A wedge-tailed eagle which posed a threat to a German schnauzer in my sister-in-law’s garden has returned with a vengeance – this time to disrupt the family’s plans to sell their home.
In June I wrote that the eagle had carried off a baby wallaby from the property overlooking the Tamar north of Launceston and then eyed the schnauzer which Judith Stanton was minding while its owner, her son and his family, took a holiday.
This time the swooping eagle was not looking for a quick meal. The raptor was more interested in an estate agent’s drone which was taking pictures of the home and grounds. The territorial eagle had long regarded the Stanton garden and the airspace above it as its own.
Birds and drones don’t mix, especially when the power of a wedge-tailed eagle – the fourth biggest eagle in the word – is involved. Either the drone gets smashed and crushed by the eagle’s talons, or the eagle itself sustains damage from the drone’s blades.
An email from the Stantons alerting me to the eagle’s antics prompted research into drone-raptor wars in both Australia and other parts of the world and I soon discovered that when it comes to drone attacks internationally, the Australian wedge–tailed eagle rules supreme.
This status was afforded to it by the Wall Street Journal no less, in an article highlighting the trouble that a business involved in surveying for mines in Western Australia had with eagles. The company had in fact bowed to eagle supremacy, and had instituted a policy of flying drones at times when eagles were less likely to be about. This was early morning before the thermals– exploited by eagles for effortless, gliding flight – had been created by the sun warming the ground
In other parts of the world, eagles have proven so good at bringing down flying objects that some military forces have even trained them to intercept and capture enemy drones. In the UK, eagles have been used to stop associates of prison inmates from using drones to carry drugs over prison walls.
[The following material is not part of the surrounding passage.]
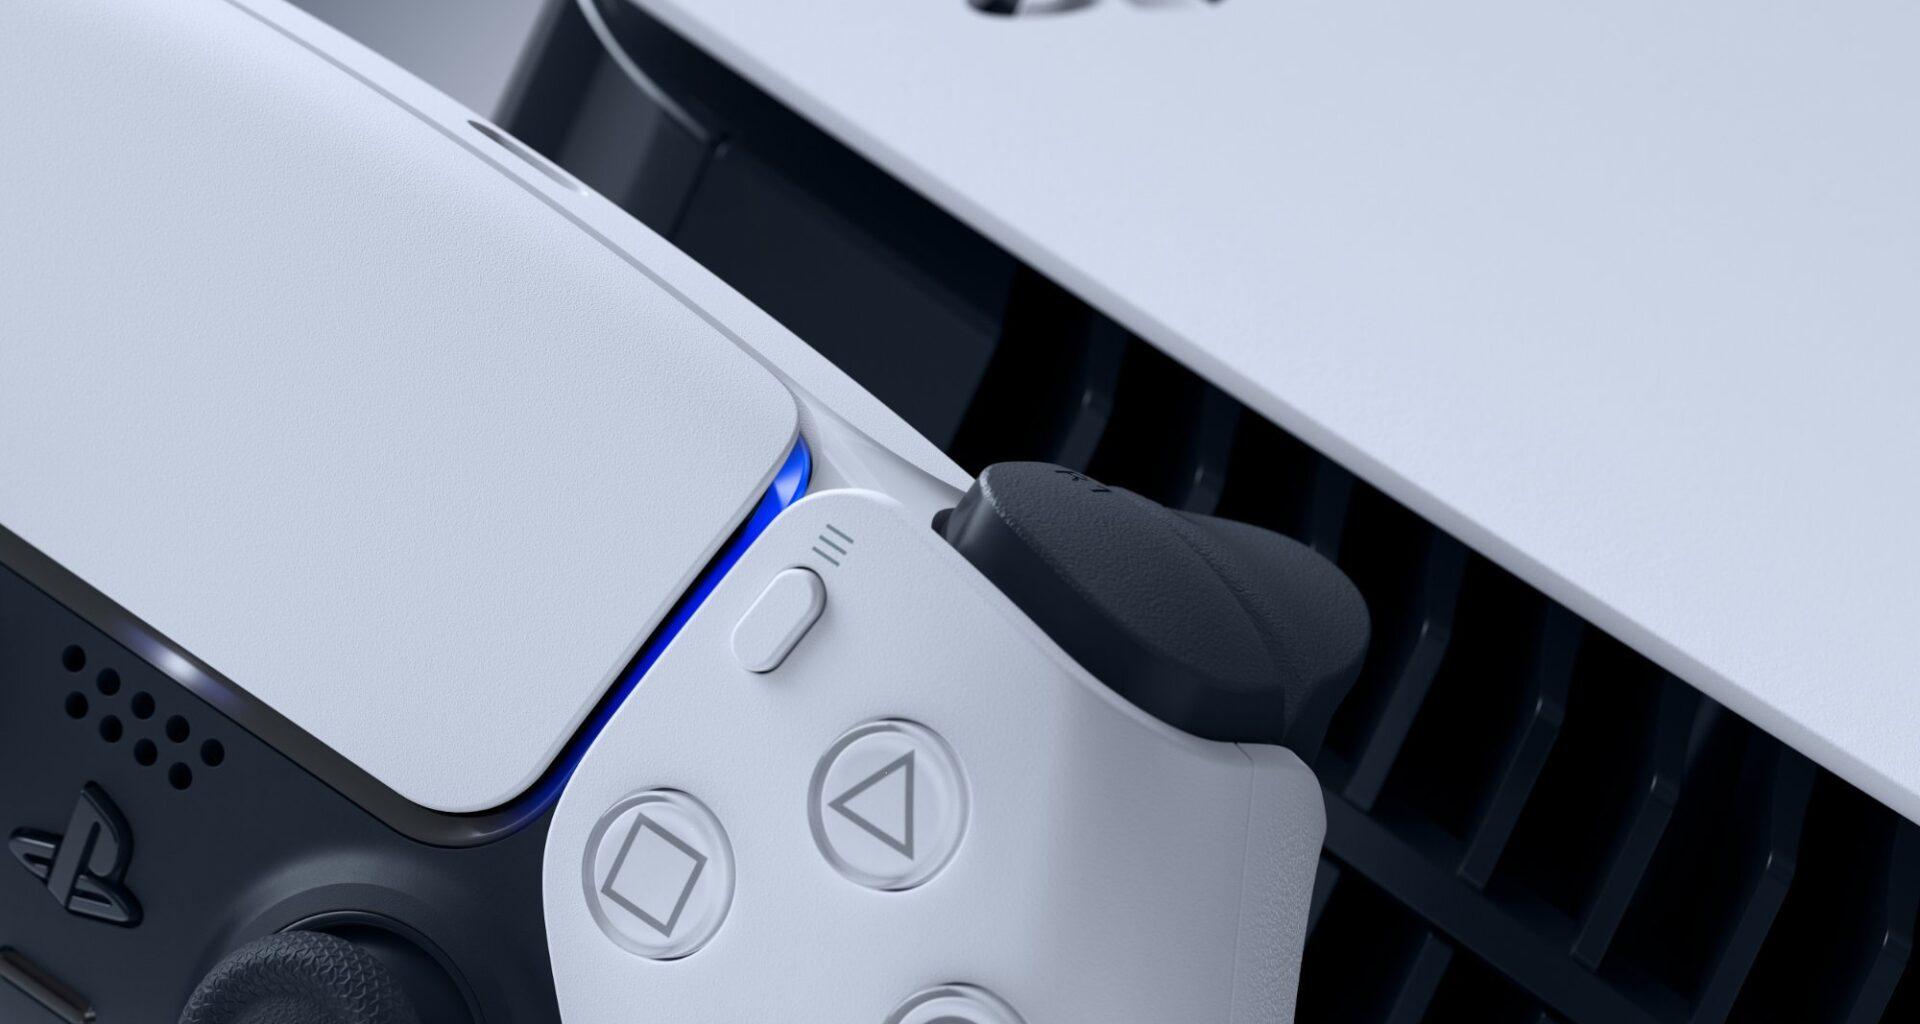 Sony explose son record de ventes avec la PS5 - www.heavybull.com
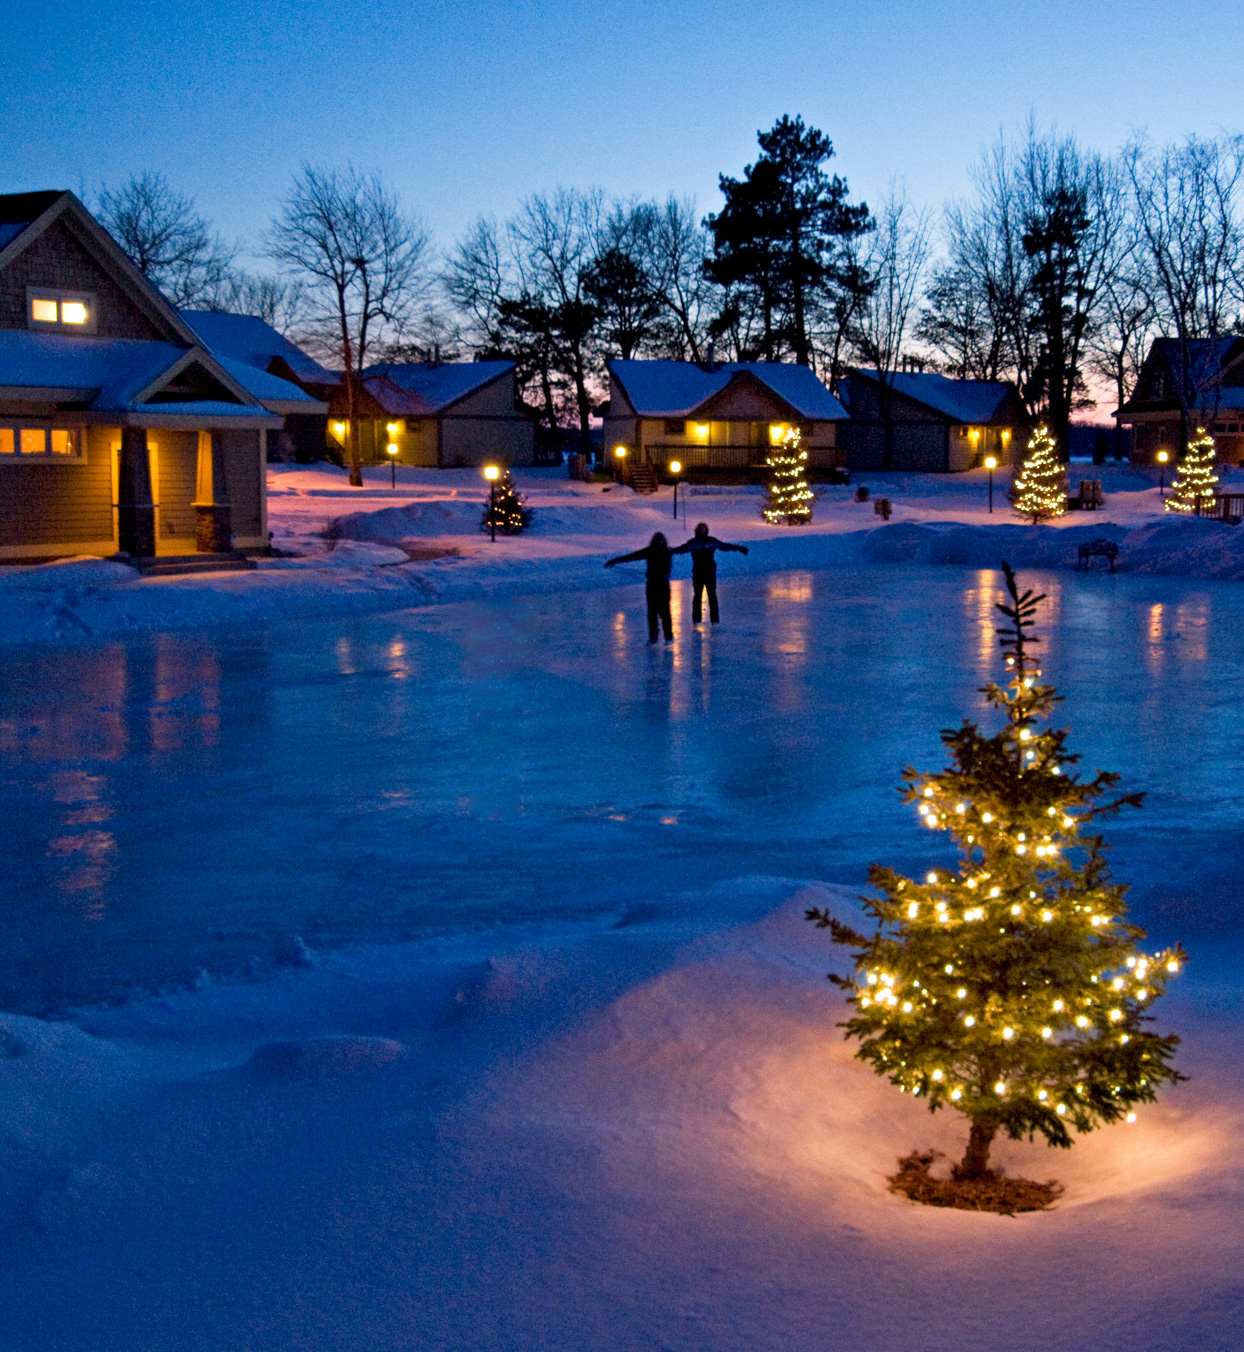 lit christmas trees near frozen pond

In France and the Netherlands, the police have trained eagles and other raptors to attack drones that may be involved in terrorist activities.
No doubt eagles working in the service of mankind are taught of the drones’ dangers to the raptors themselves. In the wild it is a different proposition. Wild raptors don’t have any experience with such aerial objects. The rotary blades of most recreational drones can injure or kill. And birds, particularly territorial birds, do not shy away when they feel under threat. Eagles, hawks, and even geese readily attack anyone and anything that approaches their nests.
In the case involving the Tamar Valley property there was a happy ending, or at least a stalemate. The eagle inspected the drone at close quarters, flying alongside it, and then decided this strange, humming creature did not pose a threat. The drone was left to do its photographic business, and the eagle went on its way.